Classifying measurability of functions for $\mathcal{L}(\mathbb{R})$

Question

In a recent exam we constructed a whole lot of measure-theory-related counterexamples, such as a continuous function which isn't measurable for the Lebesgue-$\sigma$-algebra $\mathcal{L}(\mathbb{R})$ over $\mathbb{R}$. Although I understand why this is possible, it got me thinking: Let $f:(\mathbb{R},\mathcal{L}(\mathbb{R}))\to (\mathbb{R},\mathcal{L}(\mathbb{R}))$ be some function. What are sufficient conditions to guarantee measurability of $f$? Can we even classify such functions with a simple-to-verify condition? And do we sometimes need this stronger measurability compared with the weaker measurability if the range is equipped with the Borel-$\sigma$-algebra $\mathfrak{B}(\mathbb{R})$, or is this more of a curious artifact? Thanks for any clarifications.

Answer 1

1) By sard’s theorem, Diffeomorphism preserves zero measure sets. So one of the sufficient condition I can think of is diffeomorphism to get measurability in stronger sense.
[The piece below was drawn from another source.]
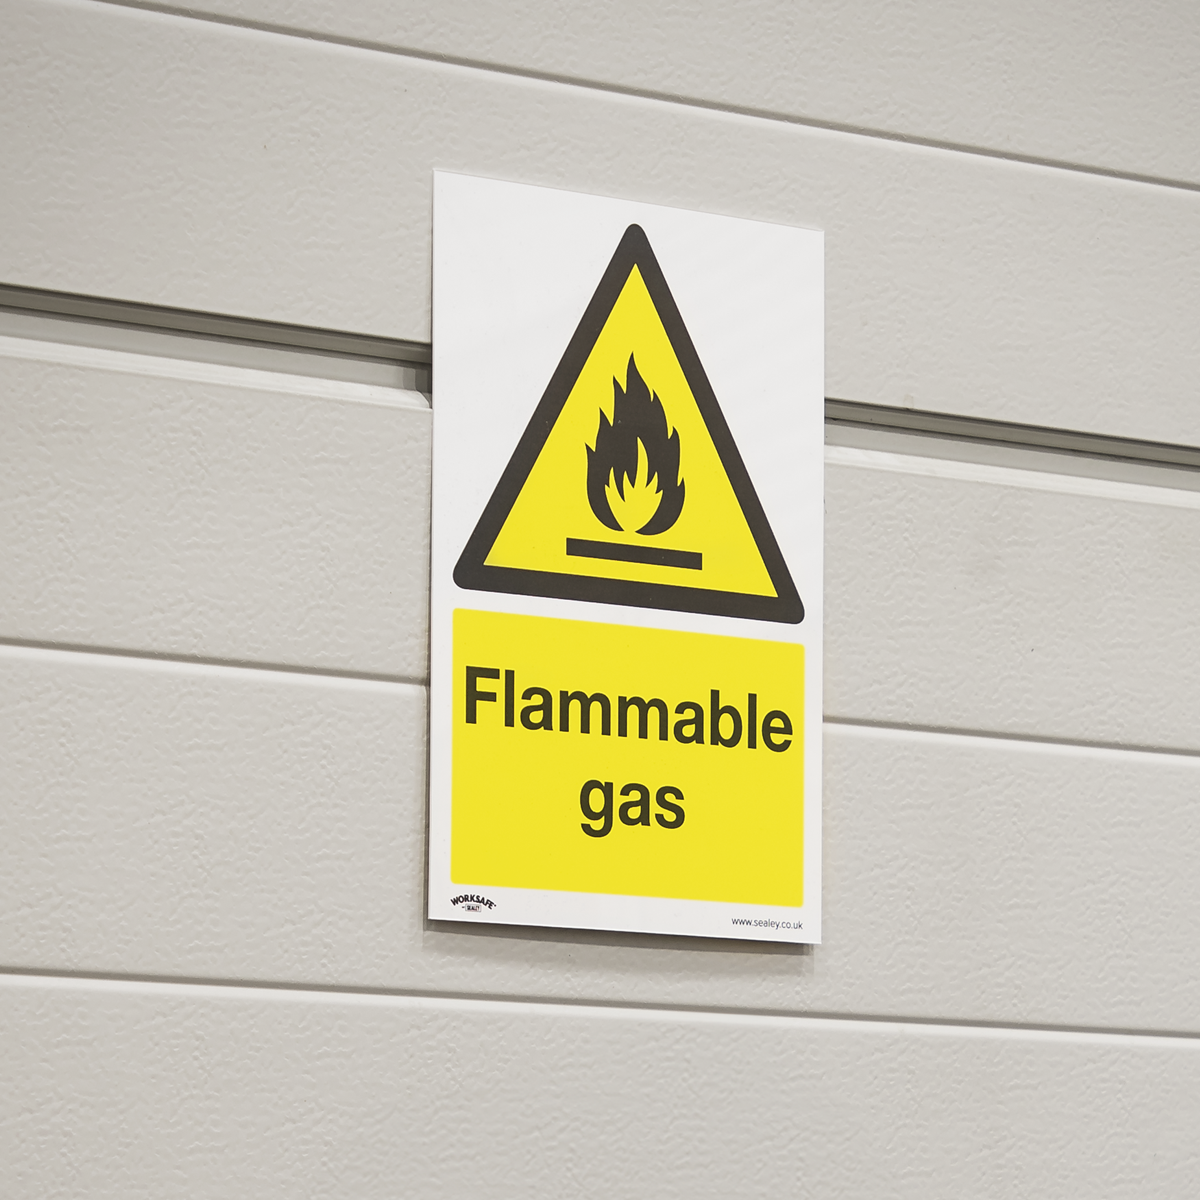 Warning Safety Sign - Flammable Gas - Self-Adhesive Vinyl

2) Only advantage I can see with this stronger measurability is composition of stronger measurable functions is again stronger measurable.

As you know contionous functions are not stronger measurable. We stick to weaker definition of measurability because we want give definition of integration for larger class of functions (at least larger than class of Riemann integrable functions).